## The problem
Make an exact copy, from the records below, of the lines from the line containing "Stem cell differentiation to cardiomyocytes" to the line containing "Paleo Salted Caramel", both lines included, excluding pictures.

## Material supplied

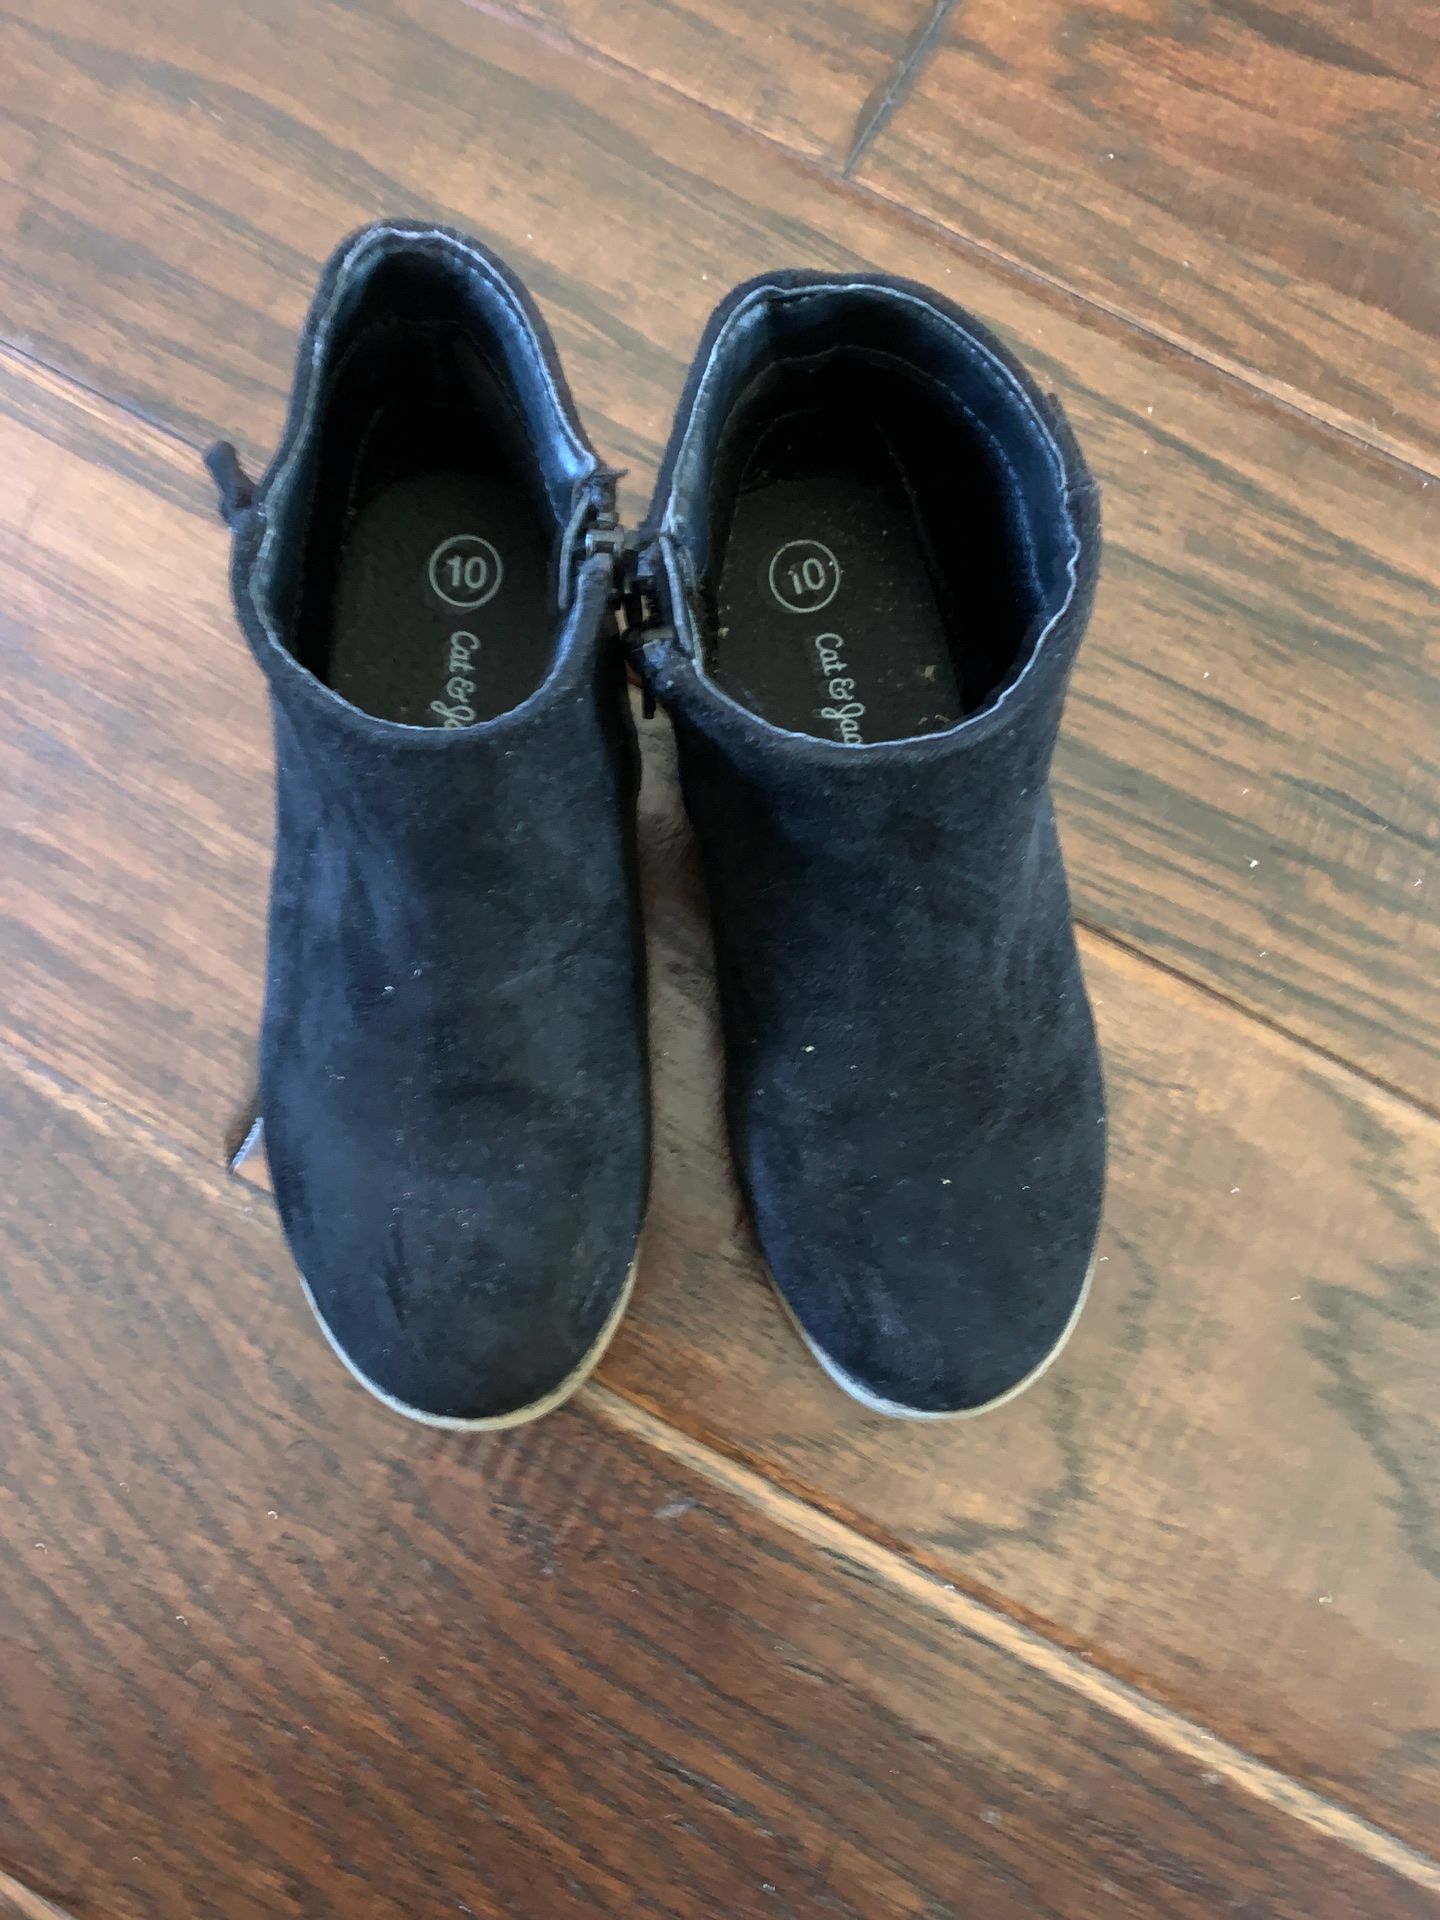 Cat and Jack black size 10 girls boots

==

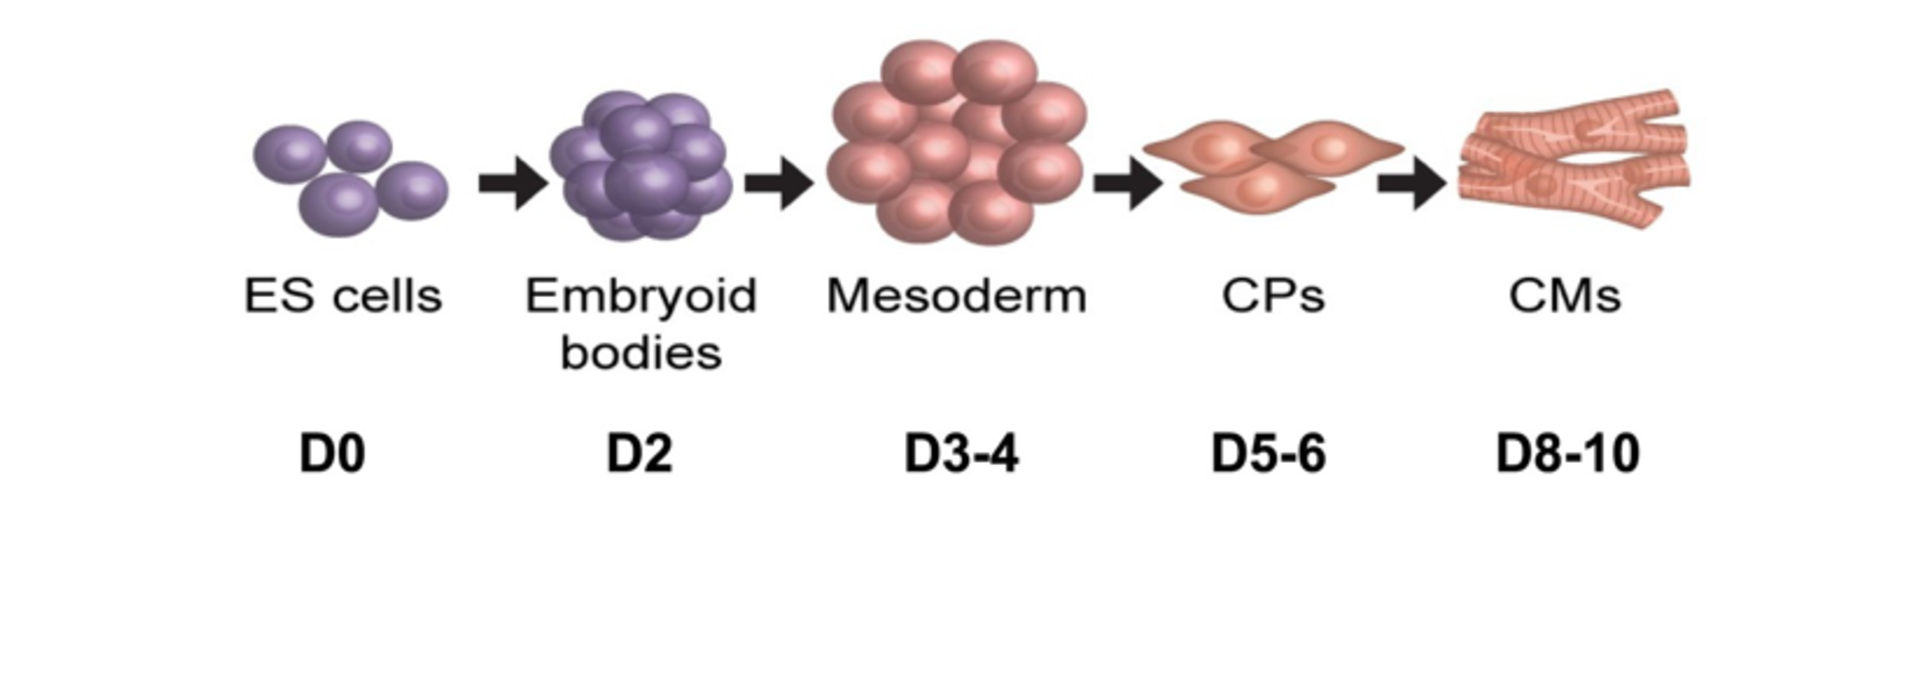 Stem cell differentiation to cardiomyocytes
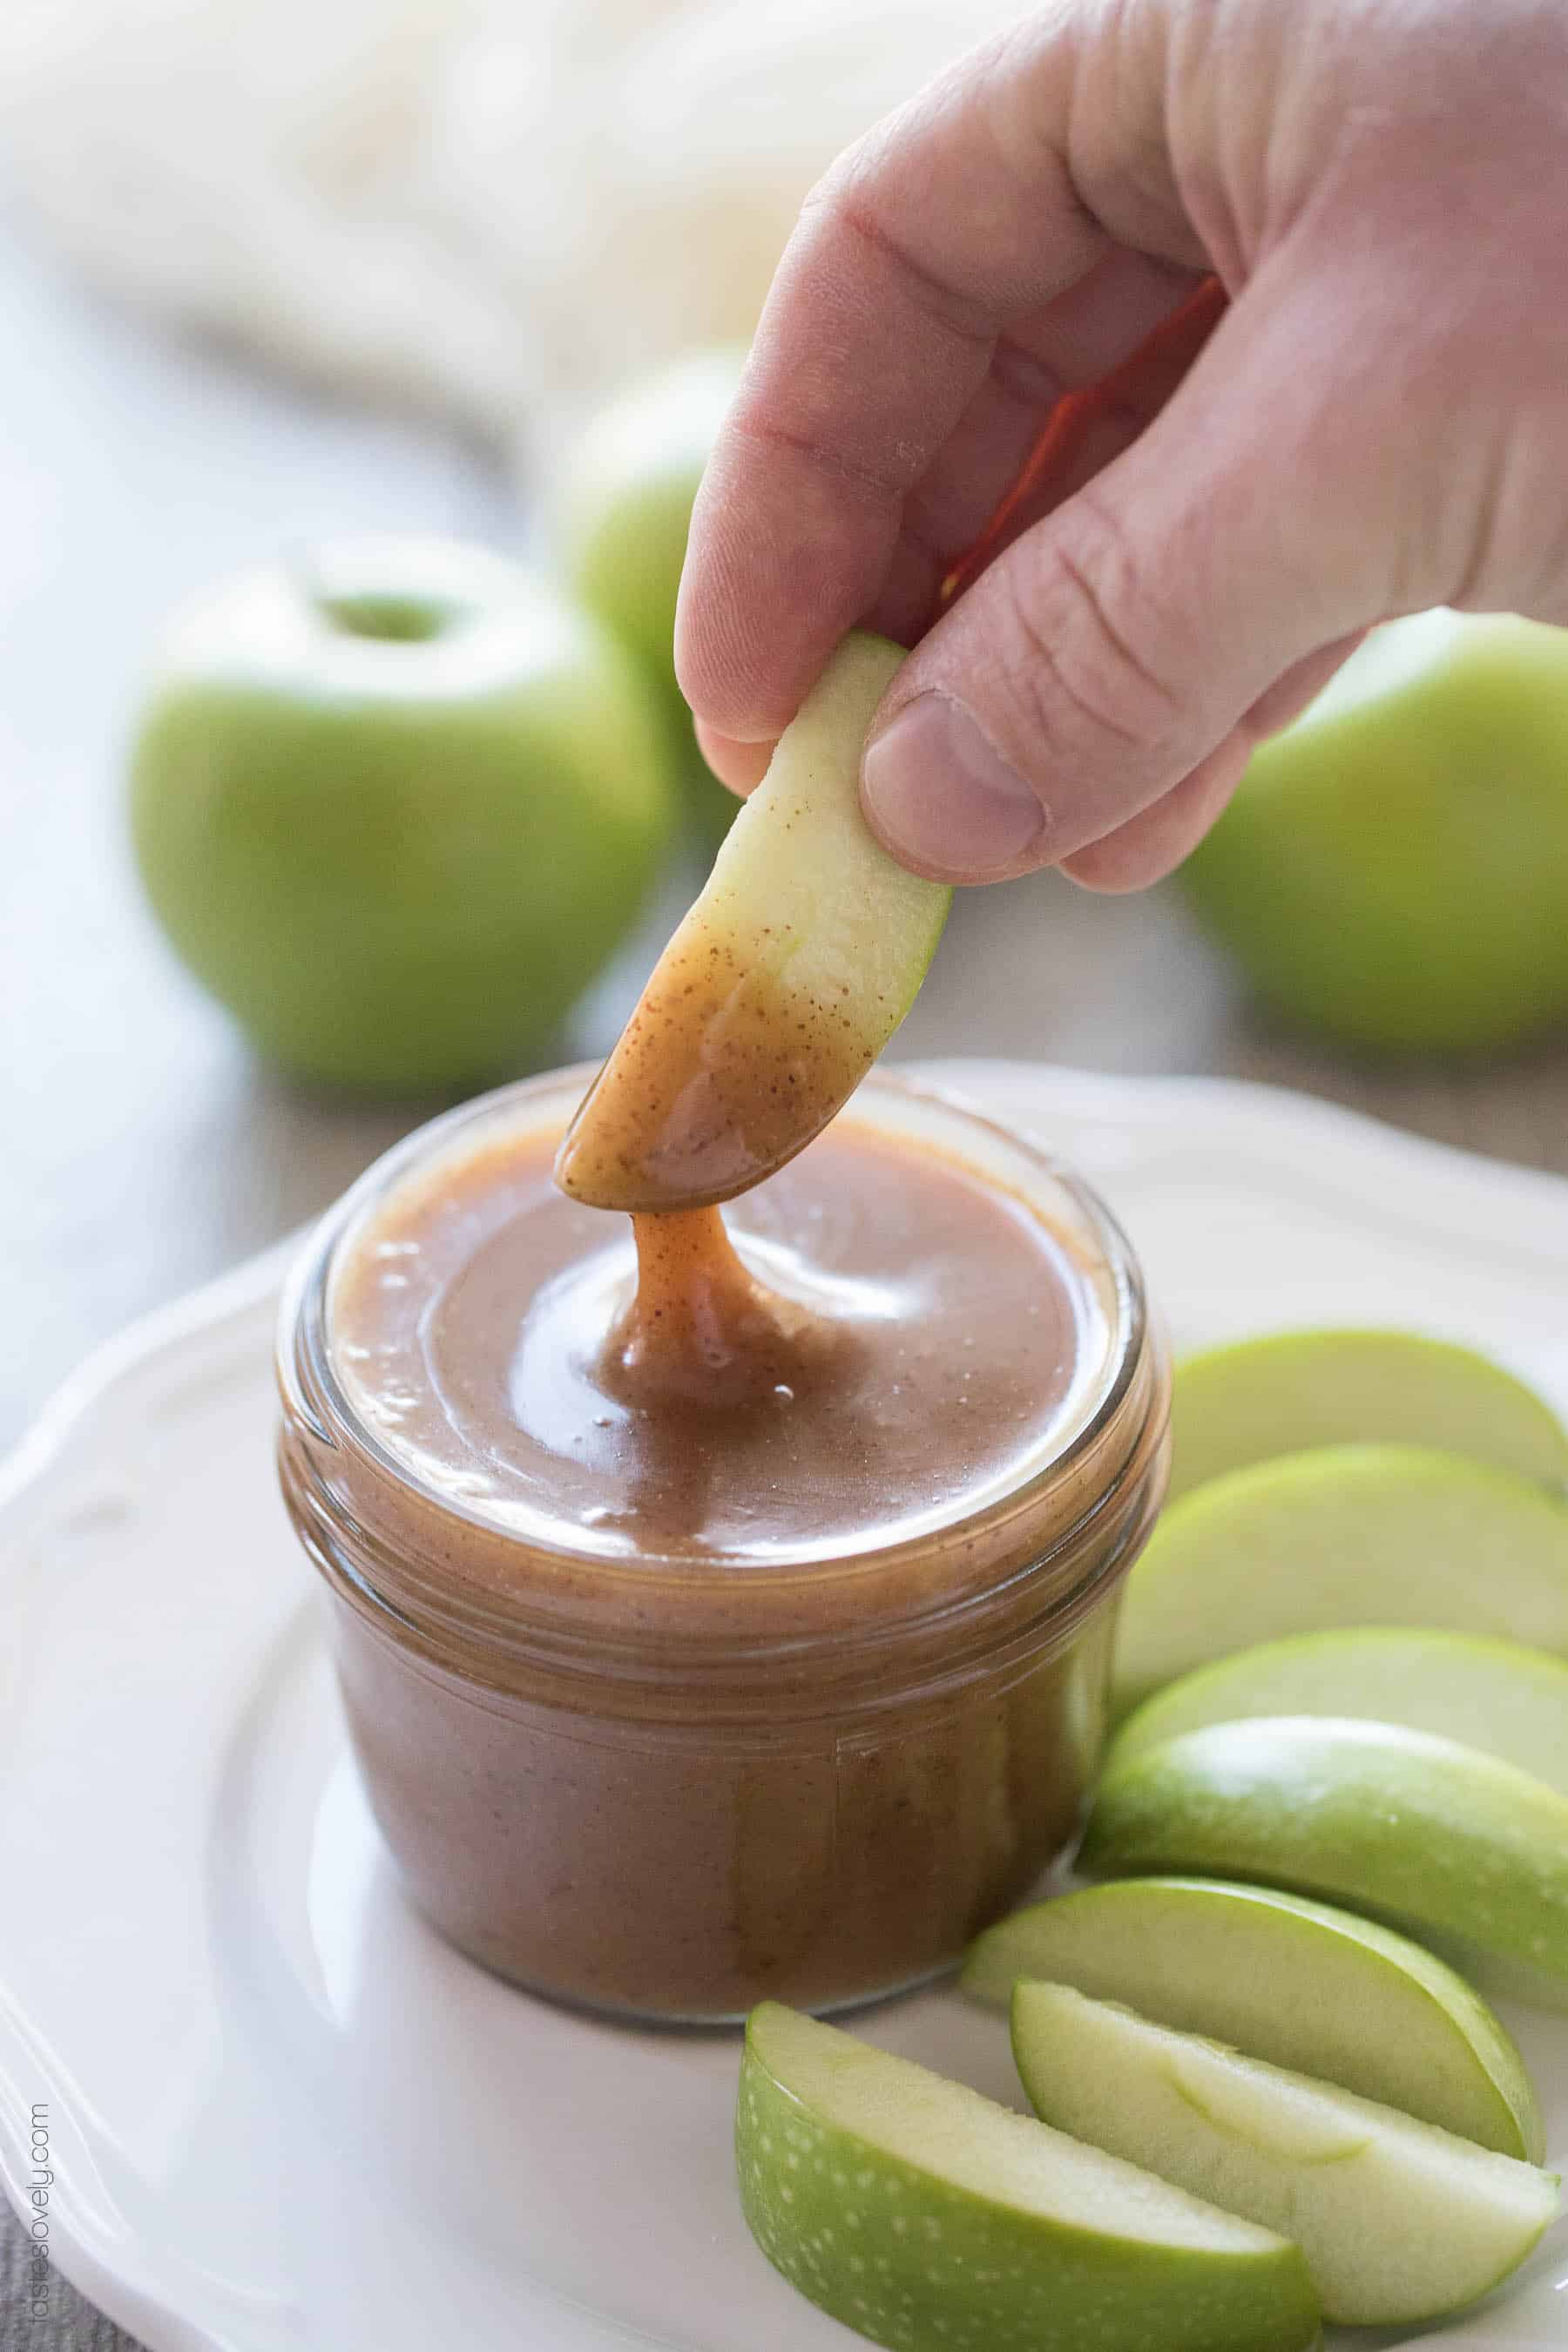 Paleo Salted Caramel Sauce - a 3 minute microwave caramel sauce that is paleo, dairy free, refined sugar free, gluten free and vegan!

## Reply to the task
 Stem cell differentiation to cardiomyocytes
 Paleo Salted Caramel Sauce - a 3 minute microwave caramel sauce that is paleo, dairy free, refined sugar free, gluten free and vegan!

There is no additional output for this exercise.